Reading too much into a Wallabies demise following the conditions in Newcastle could be regarded as a touch presumptuous, but the reality is that as has been known for some time, Australia’s pack still lacks the men to close out these games, or in the pack that started on Tuesday anyway. Add into that set of 8 captain James Horwill and an in-form Rocky Elsom (a rare sight currently) and then you have more grunt, but this was still a set of forwards with the rugged, experienced spine of Stephen Moore, Nathan Sharpe and Scott Higginbotham, not to mention Pocock.
Where Australia are now in trouble is that within four days, they face Grand Slam winners Wales at Suncorp in Brisbane. This leaves little time to integrate the undoubted changes that Deans will make this week, but also to recover from what will have been as draining a psychological defeat as it was physically. What’s more, the resources are far from overwhelming. There is front row security with Ben Alexander, Benn Robinson and Tatafu Polota-Nau in the squad, whilst Pat McCabe and Adam Ashley-Cooper are likely to return to the backs. From there however only untested youth remains – Jesse Mogg, Bernard Foley, Kane Douglas and Huge Pyle are all uncapped – leaving Deans with few options.
As for Scotland, winning will mean everything, regardless of the manner which it came about.

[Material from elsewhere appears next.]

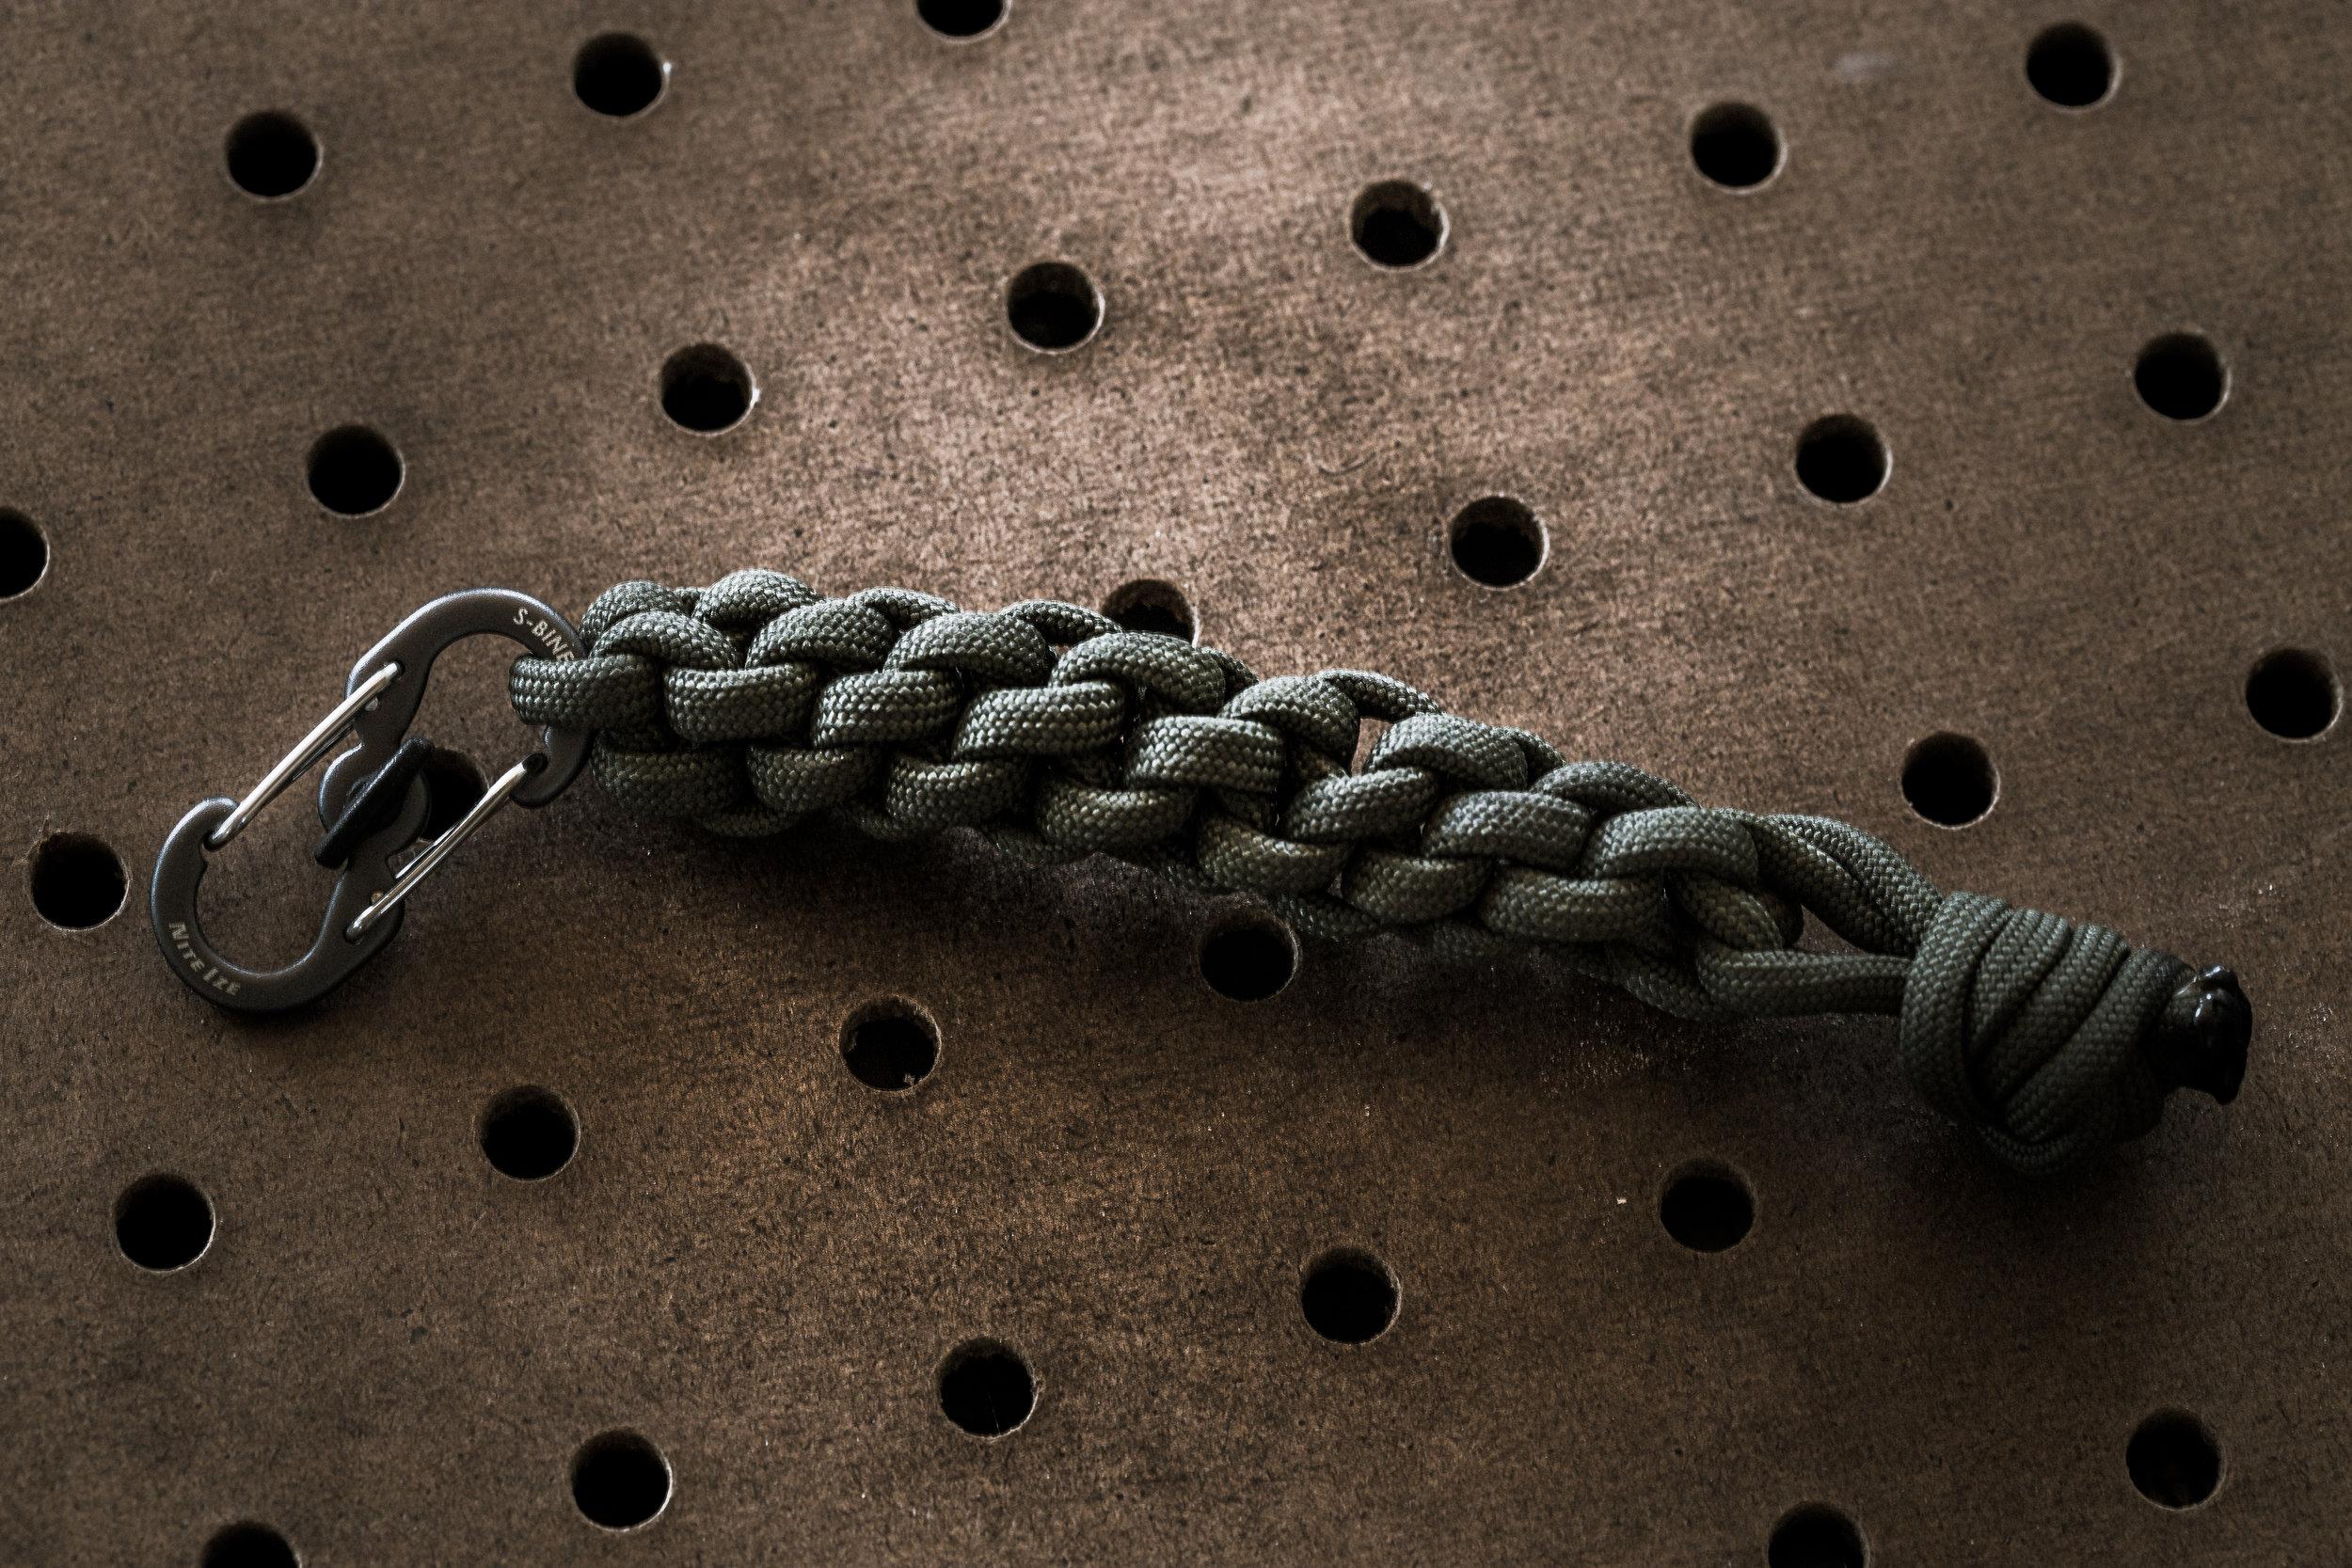 08.15.19 Niteize Zipper Pull-1.jpg

The jokes regarding how the weather was exceedingly Scottish in Newcastle should not mask the fact that the tackle count from certain players was truly outstanding, Ross Rennie typifying this effort with 24 tackles made and none missed. Not bad for a side without a defence coach, but going forward aside from Greig Laidlaw’s boot they struggled in the wet to put away opportunities when camped in the Australian 22.
Granted the weather was atrocious, but it did little to dispel the opinion that Scotland are toothless in attack. If they encounter similar conditions in Suva and Apia then they are most likely to be carrying a curse, but to truly to dispel the doubters Scotland will have to score tries against Fiji and Samoa – both who picked up victories in the opening round of this weekend’s Pacific Nations Cup. They appear to have discovered a back row that works, a scrum that can front up and with Matt Scott at inside centre a long-missing creative force. Add in the prowess of Tim Visser and Scotland may defy the critics and have an unbeaten summer, but when you beat Australia, you surely have to put away their next two opponents.
Which leaves Wales, who now face the wounded Wallabies. Their hosts defeat to Scotland will either bring two outcomes – Wales will face a wounded beast that will do anything for victory in Brisbane, or one in the middle of a confidence crisis after losing to both Scotland and Samoa on home soil in the last 12 months.
The Wallabies’ defeat to the Scots automatically makes Wales favourites considering the fitness of their squad and the flashes of quality shown from many second string players against the Barbarians in Cardiff. Much like England in South Africa, Wales must win the 1st Test whilst their opponents are physically behind. Scotland have not only shifted the pressure from their own shoulders, but transformed it into expectation resting on the minds of their Celtic brothers. It is going to be one interesting Test in Brisbane, one that could be the platform for a Welsh series victory.